As of 2010, Volochkova starred in her first tour of Chile, performing in Santiago, Antofagasta, La Serena, Viña del Mar, Talca, Temuco, Puerto Montt and Concepción. The Tales of Destiny show included fragments and highlights of some of the most famous ballets, including Don Quixote, Giselle and Swan Lake, as well as contemporary choreographies set to music by Nino Rota, Charles Dumont, Ara Gevorgyan and Karl Jenkins. In the show, Volochkova was supported by principal dancers and soloists of both the Bolshoi and Mariinsky Ballets.
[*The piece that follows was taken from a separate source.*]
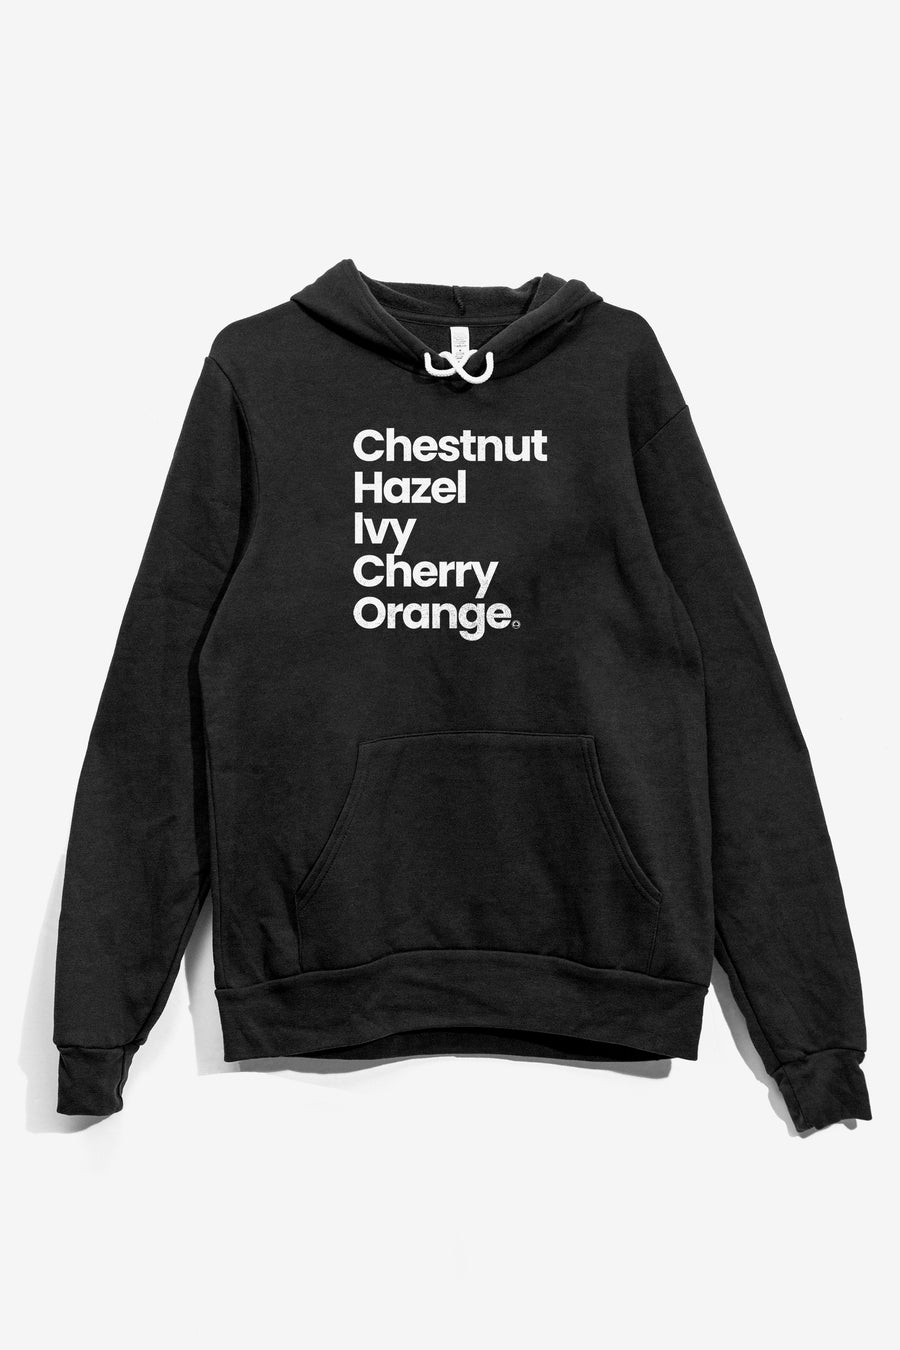 Downtown Chico Streets Hoodie

With her benefit performances, Volochkova has helped to contribute funds for various causes, especially for Russian children, including children with health problems, orphanages of Saint Petersburg and the Beslan victims. She has also supported a secondary school in Saint Petersburg, for example, with a benefit performance at Sadler's Wells Theatre in London.

===Other work===
In addition to her career as a dancer, Volochkova has also worked as an actress and a model, starring in films and TV series as well as modelling for Chopard jewellery.

She appeared in the first season of ice show contest Ice Age.

==Personal life==
Volochkova has been married once, and she has a daughter, Ariadna, born in 2005. They live in Saint Petersburg and Moscow.

In 2010, Volochkova graduated with an MBA from the Higher School of Economics. "I plan to create a network of schools of creative education, which will teach the choreography, visual arts, music and ethics", she has said regarding her future plans.

==Media personality==
Volochkova is a celebrity in Russia, and has featured in newspapers, magazines, and TV shows, such as Ice Age, on a regular basis.

In 2003, it was reported that the Bolshoi Ballet had dismissed her for being too heavy and tall. Russian Minister of Culture Mikhail Shvydkoy had suggested her to accept lesser roles, such as minor part in Swan Lake, to which Volochkova responded: "I have played the leading role in nearly every classical ballet. Legally I should be reinstated into the same position as I was in before". In 2004, Volochkova filed a million dollar lawsuit against her former manager Anatoly Iksanov, claiming harm to her personal and professional reputation. She stated that "Ballet is not an art of kilograms; it is an art of the soul". The court found for her and awarded $6,400.

In 2011, after being part of the United Russia party for eight years, she quit its membership. In an interview with Radio Liberty, she said that she decided to quit the party after United Russia had duped her into signing condemnation of the imprisoned oligarch Mikhail Khodorkovsky.

In 2013, Volochkova compared Bolshoi Ballet to a brothel, citing that ballerinas were forced to have sex with the oligarchs, or, upon refusal, they would be expelled from the school or be banned from international tours.

She has been outspoken against the annexation of Crimea to Russia in 2014, and stated that, for her, Crimea would always be a part of Ukraine.